In proportion, the flag is six feet on the pole length and nine feet on the fly length and is divided into three equal horizontal divisions. In the upper pole corner is a two-foot canton of azure blue representing loyalty. In the lower pole corner is a like canton of red signifying bravery. The entire center division is white denoting faith. From the blue and red cantons, running parallel with the fly of the flag, are two equal size stripes of black and white representing coal and marble, respectively. The stripes running from the blue canton are white above and black below. The stripes running from the red canton are black above and white below.

In the approximate center of the flag is a Golden Wheel of Progress which extends well into the two black stripes. Within this winged wheel is the quartered shield (i.e., the coat of arms or seal) of Knoxville which is surmounted by nine gold stars representing the nine wards of the city in 1896 when the flag was adopted. The shield is supported by a sheaf of wheat and a shock of corn which are in gold and are emblematic of agriculture.

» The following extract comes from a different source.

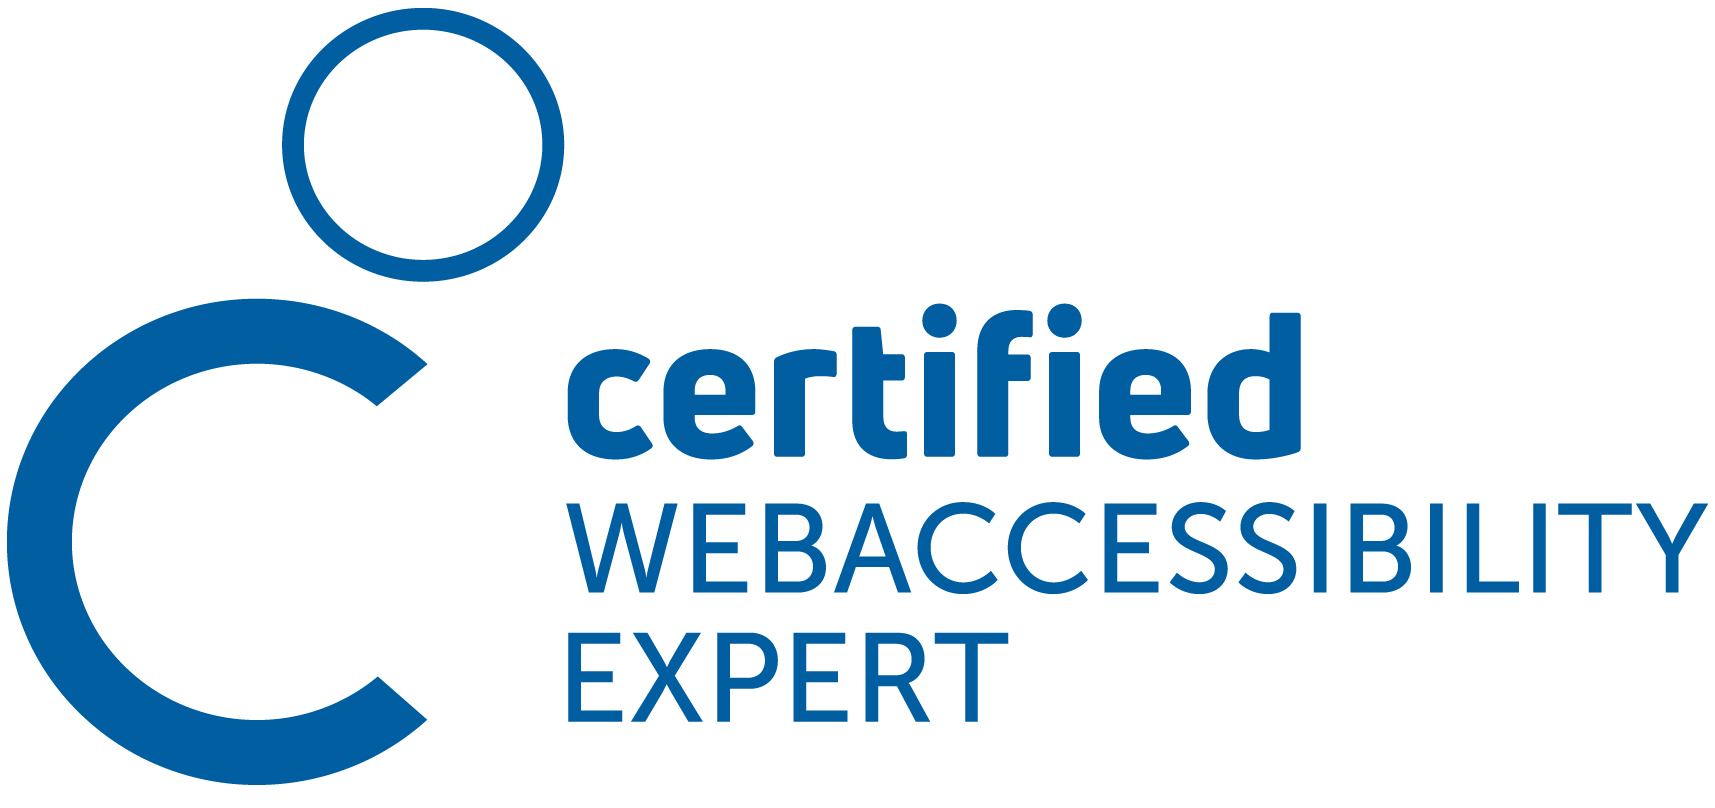 webaccessibility_expert

Directly under the shield are the black numerals 1791 denoting the year Knoxville was founded.

In the quartered shield is an azure blue field (upper left) emblazoned with a white derrick representing marble; a black field (upper right) emblazoned with crossed, gold colored picks representing various types of mining; a gold field (lower left) emblazoned with a black railroad engine representing transportation or commerce; and a red field (lower right) emblazoned with a neutral colored factory representing manufacturing.